Even the effort to recapture the Supreme Court may be a moot point, however, if Justice Ruth Bader Ginsburg’s passes away and is replaced by Mitch McConnell’s Senate before January 21, 2021. Given Ginsburg’s failing health, this outcome has a non-trivial probability of coming to pass. A 6-3 conservative advantage would be effectively insurmountable regardless of who is elected. Worse, Trump’s presumptive pick to replace Ginsburg has signaled that she is ready to overturn Roe v. Wade, as well as others cases she believes, were erroneously decided, which would presumably include foundational modern cases such as Obergefell, Lawrence v. Texas, and Griswold v. Connecticut, Engel v. Vitale, and Newman v. Piggy Park Enterprises.
In the book Ender’s Game the protagonist Ender Wiggins is a tactical and strategic genius who will win an interstellar war for humanity. The recurring theme of the book is that when you fight a war, you must destroy your enemy so thoroughly that they will never be capable of opposing you again. This analogy describes the modern Republican approach to politics: They have Democrats beaten down, and they are systematically ensuring that they will never get up again.

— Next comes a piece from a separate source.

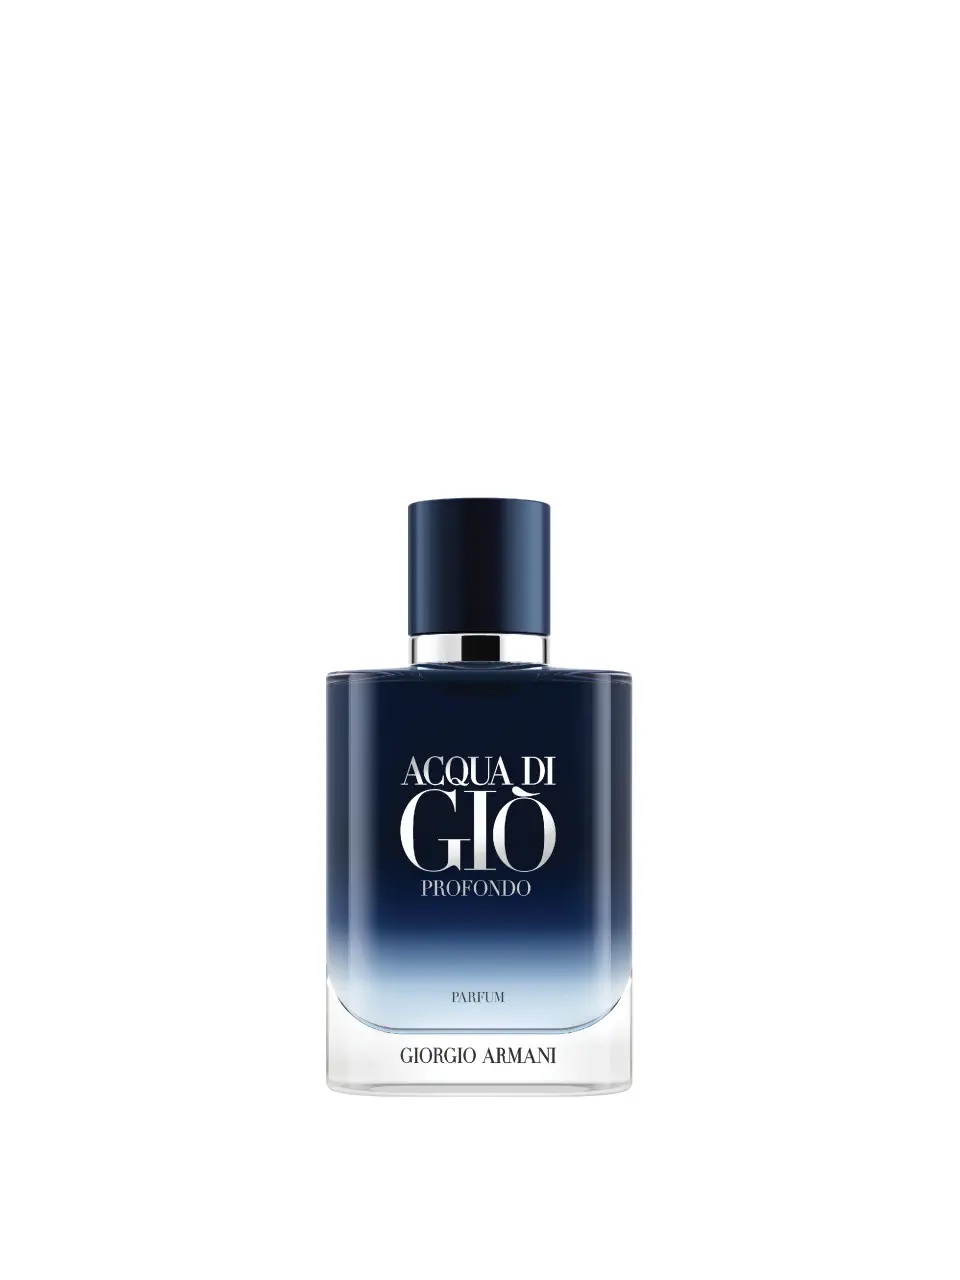 Giorgio Armani Acqua di Giò pour Homme Profondo Parfum 50 ml
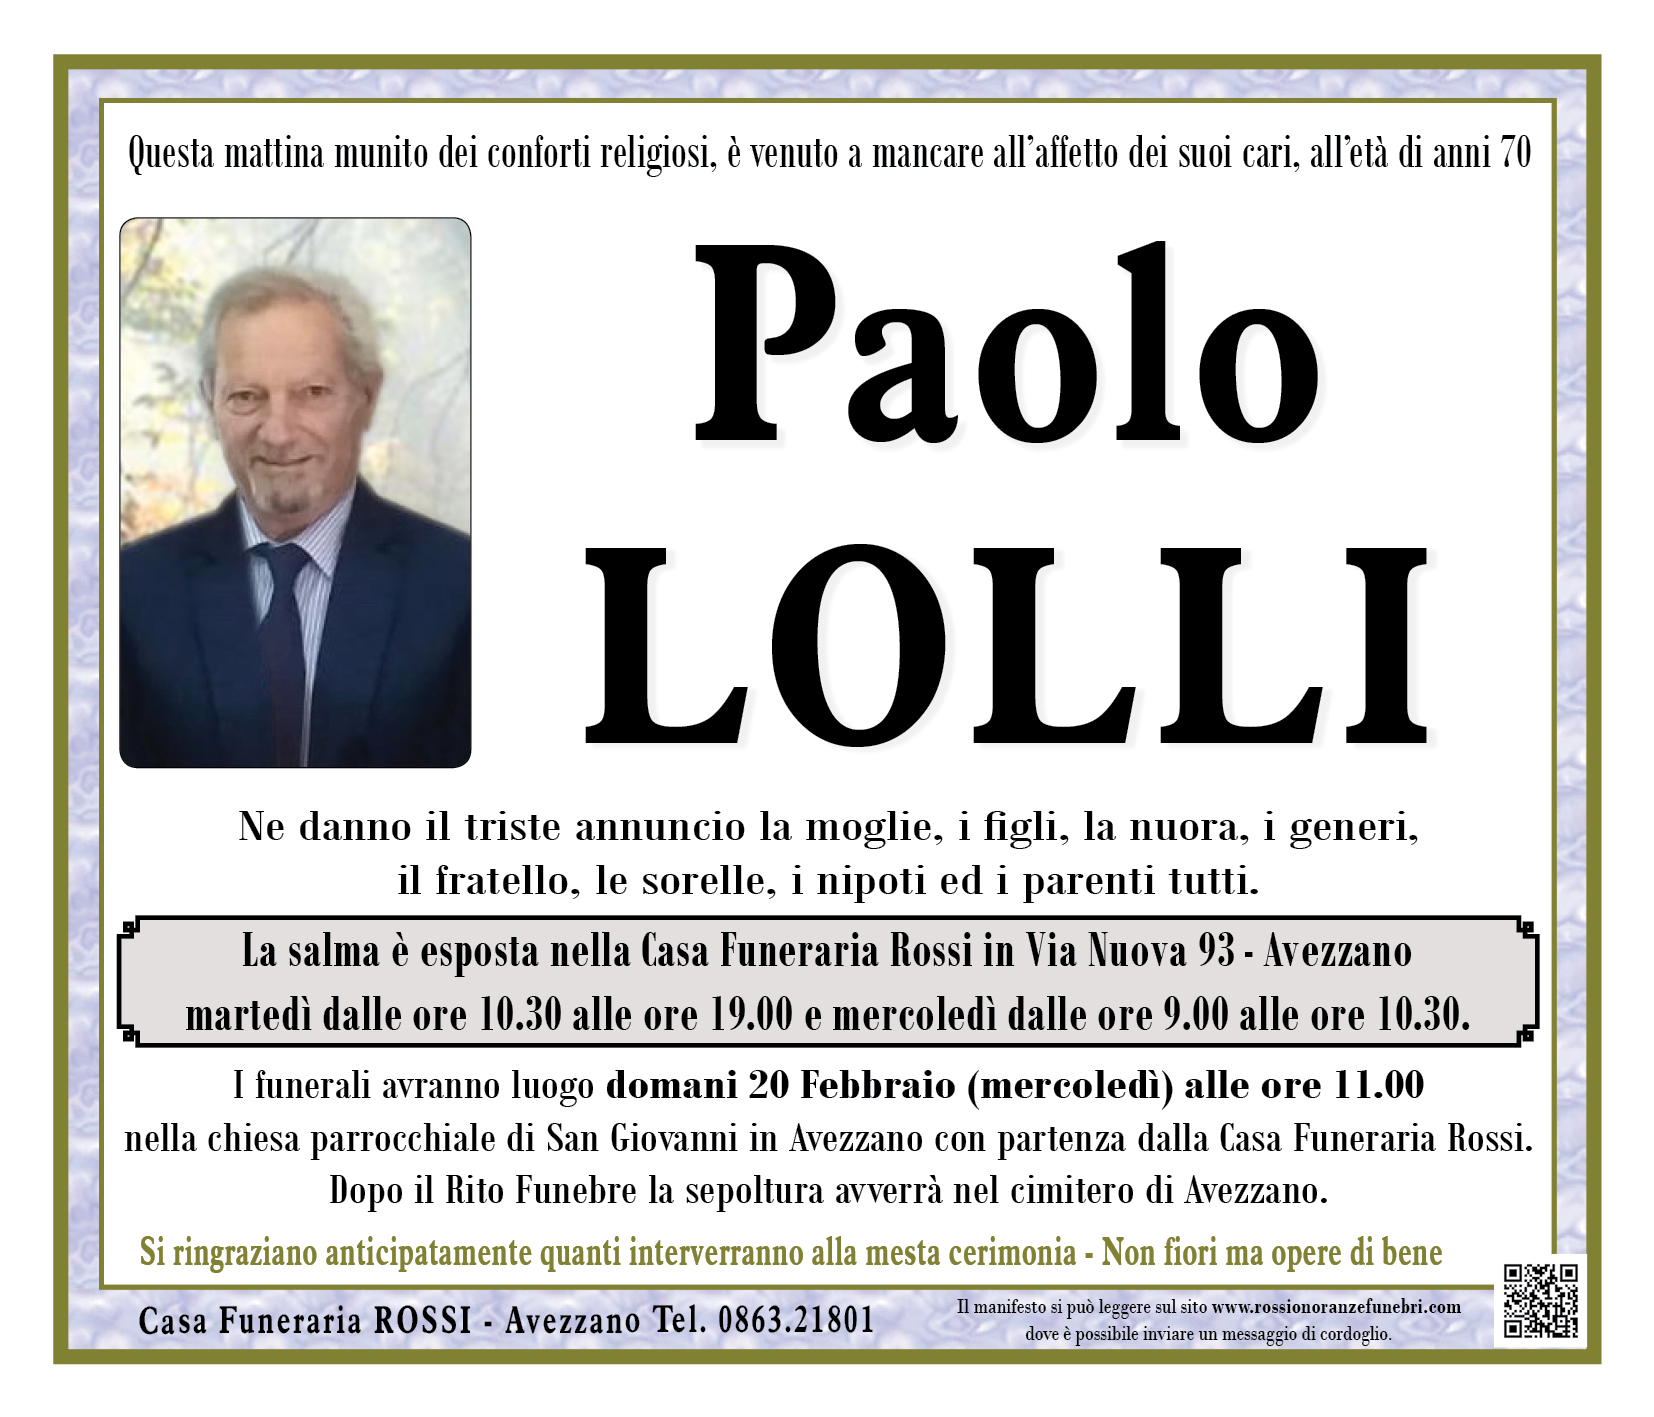 Paolo Lolli

So, in the final analysis, are we doomed to decades of eroding civil rights, rising wealth inequality, doing nothing about climate change, civil unrest, and racial and religious minoritarian rule in an illiberal democracy?
Several other scholars on authoritarianism assert that we are well on our way towards that end, and 2020 may be the last free election in the United States for the foreseeable future. Where I differ from them is in the belief that we are almost certainly already well beyond the event horizon for a return to democracy, and that our last meaningful election likely came and went in 2016.